The key to Karen Joy Fowler’s Booth, a biofictional novel about Lincoln’s assassin John Wilkes Booth and his wild, sprawling family, is buried in the author’s notes at the end of the book: ‘I began thinking about this book during one of our American spates of horrific mass shootings.’ She doesn’t say which shootings. This was before the Trump administration (more on that later). Perhaps the Pulse nightclub attack in Orlando? Or San Bernadino?

It’s impossible to try and pin it down, and pointless: by May this year, there had been 26 school shootings alone, not counting numerous other attacks, like in Buffalo. The 27th was in Uvalde, Texas, where 19 children and two adults were killed at an elementary school by Salvador Ramos. The public grief was predictably overwhelming. Less noticed was Ramos’ mother, Adriana Reyes. In a video circulated on CNN, Adriana sobs despondently and pleads in faltering Spanish: ‘forgive me, forgive my son . . . I know he had his reasons for what he did . . . please don’t judge him.’  Adriana’s lament gets close to the heart of Booth, which closes with the question that hovers over the Booth family after Lincoln’s murder: ‘what is it like to love the most hated man in the country?’
 There have been many novels on Abraham Lincoln — most recently, George Saunders’ masterful Lincoln in the Bardo — and more than a few on his assassination. Fowler herself has played with Booth and Lincoln in her short story ‘Standing Room Only’. Given her preoccupations, we might have also expected allegiances with recent ‘gun violence’ fiction, like Jennifer Clement’s Gun Love or How to Be Safe by Tom McAllister, or more substantially, the traces of Don DeLillo’s biofiction Libra, which tracks the life of Kennedy’s shooter, Lee Harvey Oswald. But Fowler is adamant that she did not want to write about Booth and the assassination: ‘I did not want to write a book about John Wilkes. This is a man who craved attention and has gotten too much of it.’
Instead, Booth is about the Booth family. The father, Junius Brutus Booth, the wildly famous and famously wild Shakespearean actor, is talented and unhinged. Already married (a secret that will later return to plague the family), he flees England for America in 1821 with his mistress Mary Ann Holmes, settling between Maryland and Baltimore. Mary raises six children in varying states of indigence whilst Junius tours, makes sizeable amounts of money and subsequently squanders it. Junius is sensitive, tyrannical, principled, a strict vegetarian and conflicted slave-owner (slavery propels the historical drive of the novel — this is Civil War land — but also belies the difficult ambiguities it presented in the domestic sphere, when even its opponents could find ways to accommodate and profit from it), and holds powerful sway over his family. 

The children love him and hate him. When he dies, his presence hovers over their lives. The sons, three of whom follow Junius to stage careers, grow to repeat his behaviour.
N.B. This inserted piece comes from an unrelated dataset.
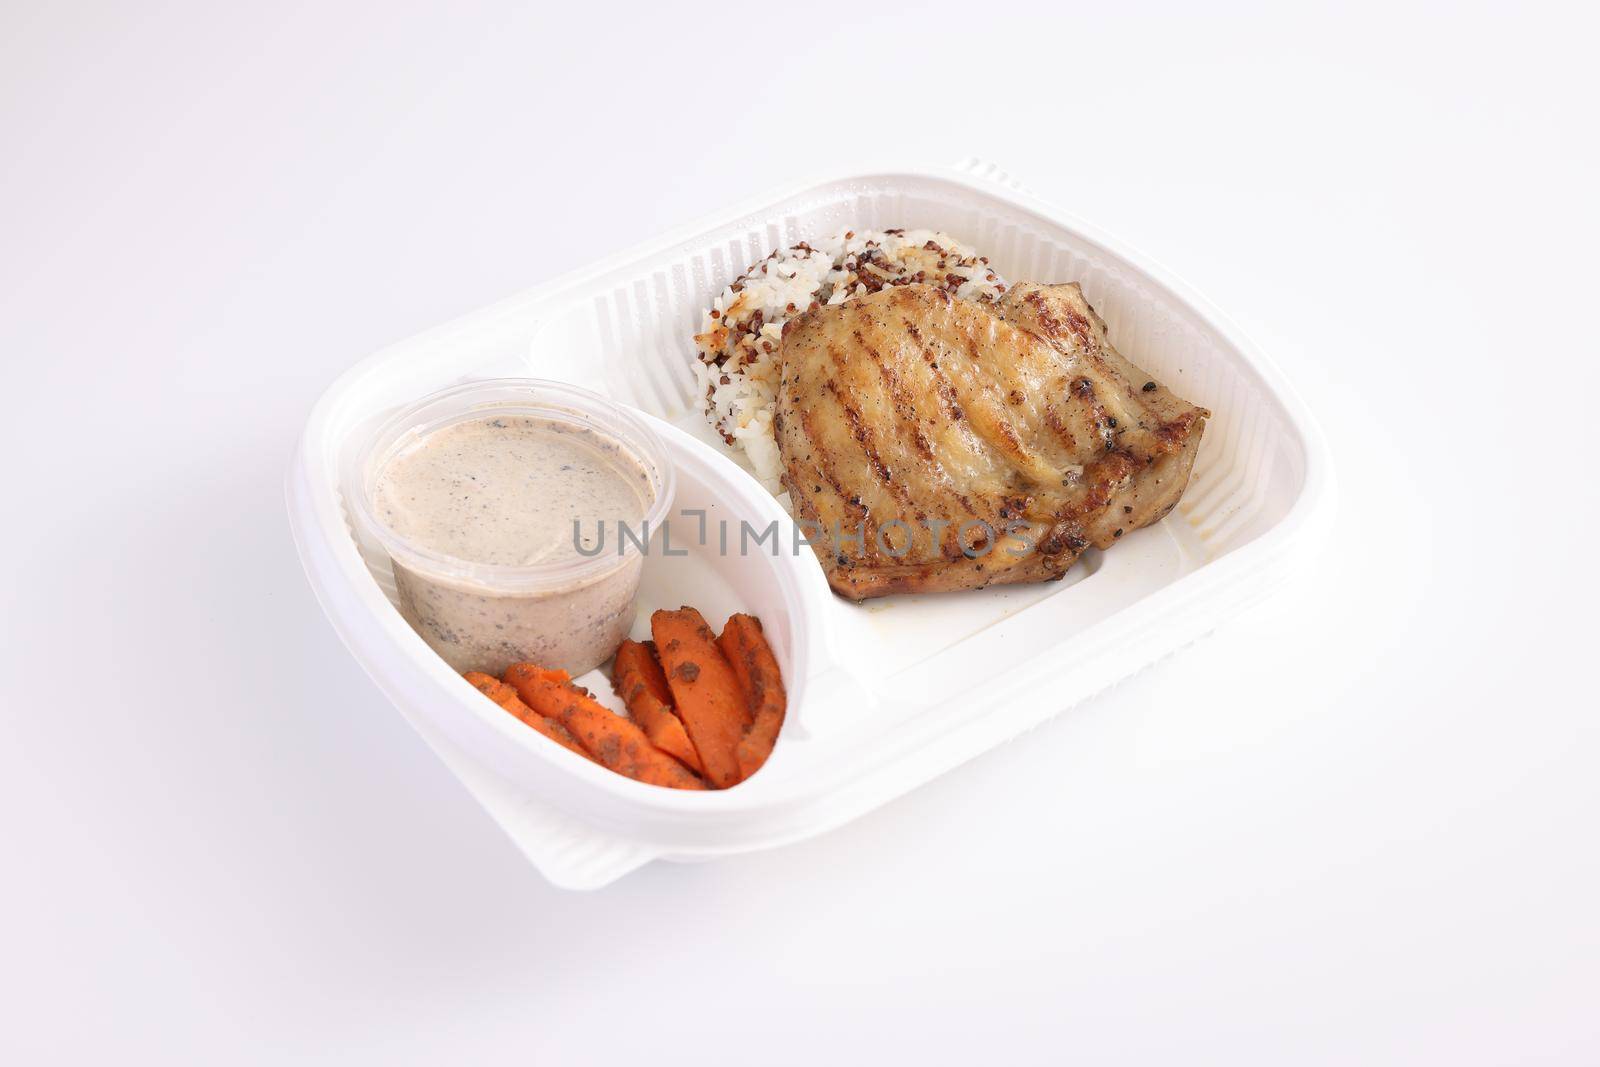 Grilled chicken with rice with delivery take home package isolated in white background by piyato
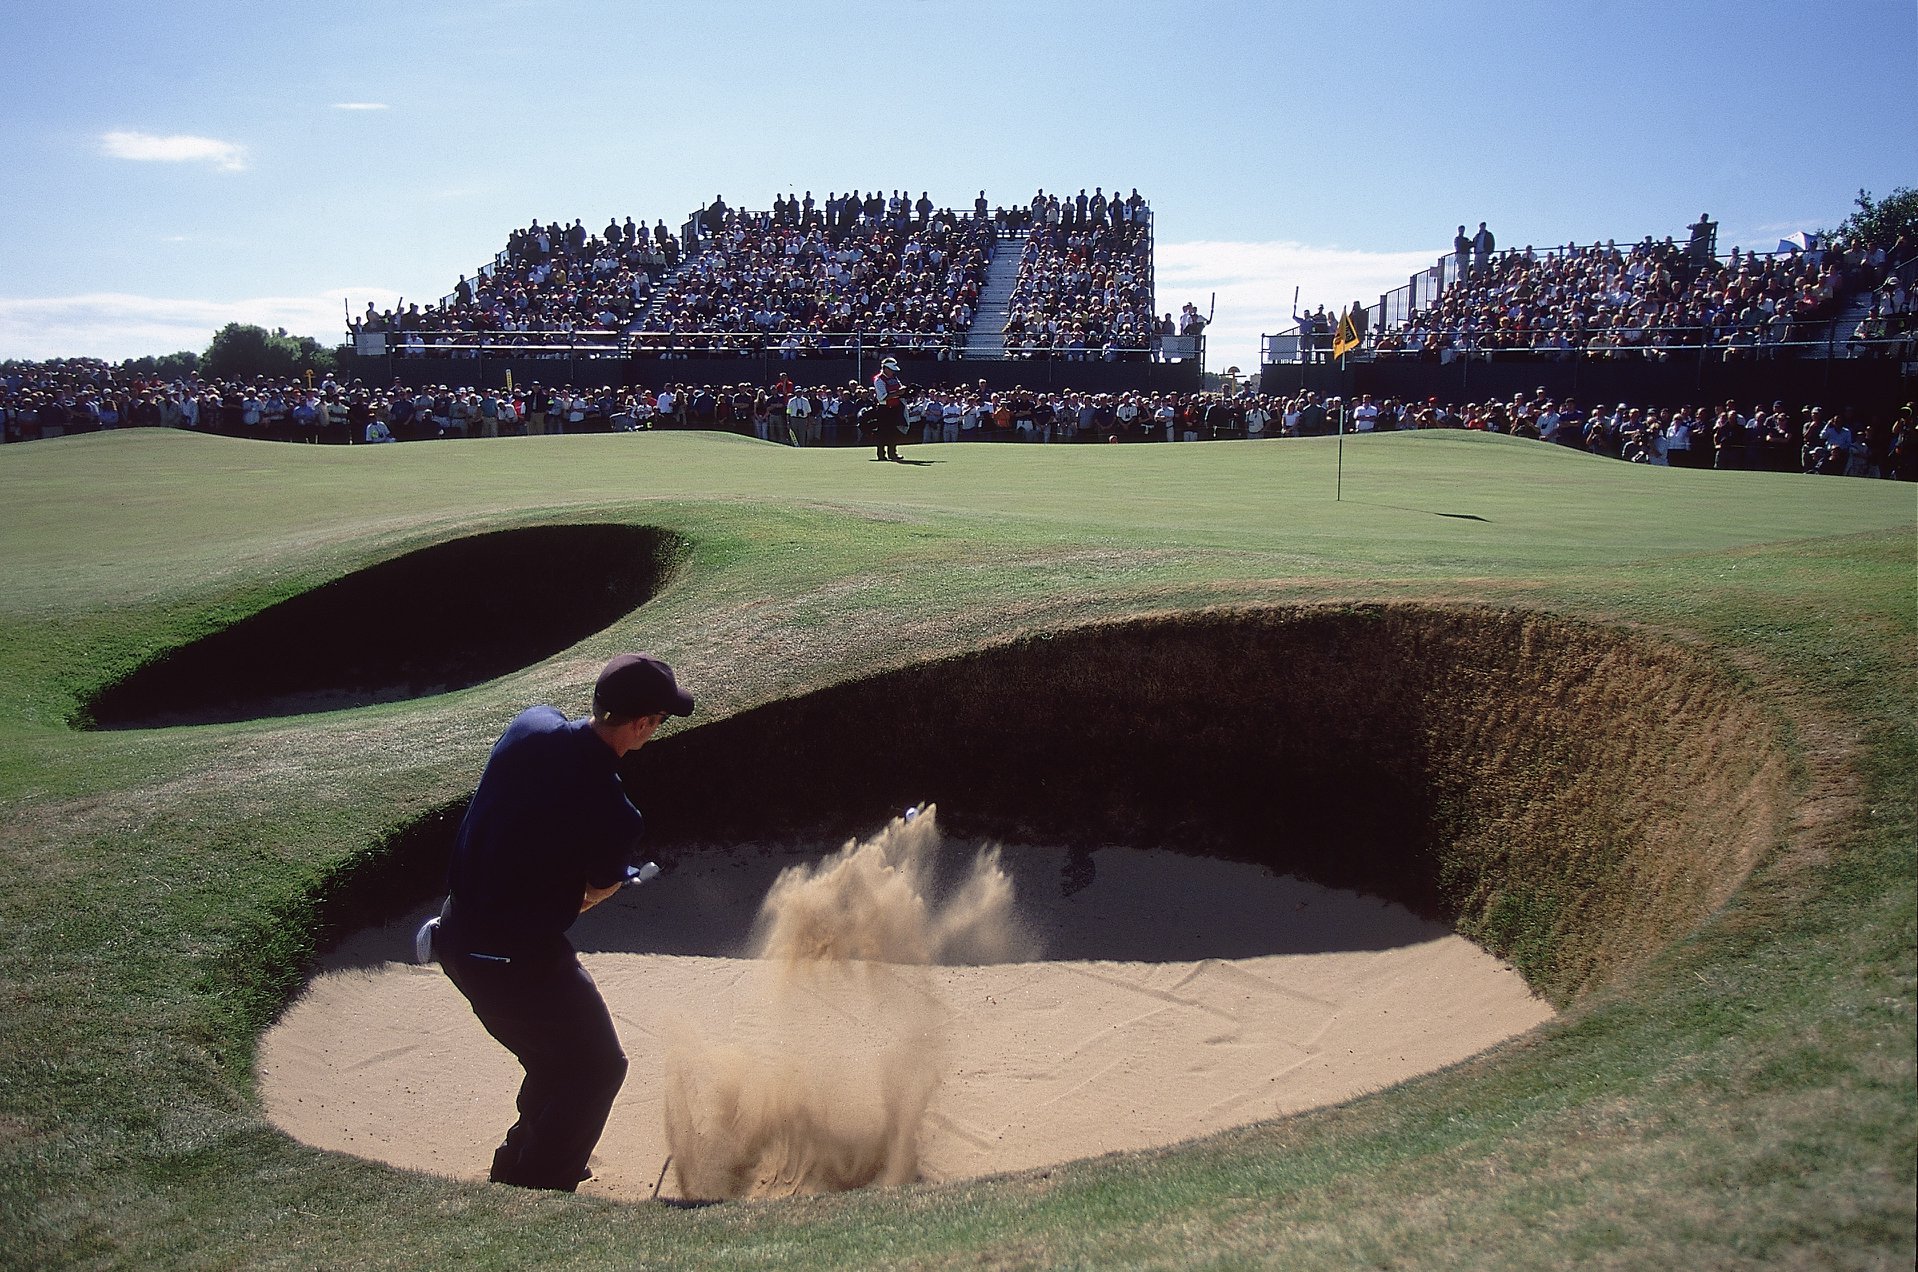 The Open Championship: Britain’s First and most Exclusive Golf Tournament

They leave wives, drink, brawl, act stupendously. There is a tacit acknowledgement and acceptance of their actions as inescapable. When the elder brother Edwin is widowed, slips into drink and another relationship, his sister Asia ‘forgives him his drinking, as it’s a hereditary condition and his only failing’, but not the new woman. Asia, the most complex of the Booth children, realises the complicated legacy her father has bestowed upon them; she struggles ‘to keep herself free of taint’ but also ‘to protect and burnish the great name Father left them’. John Wilkes emerges quietly within a loud family. There are the flashes of adolescent violence we can expect from a future killer, but more hauntingly, he’s just like his siblings.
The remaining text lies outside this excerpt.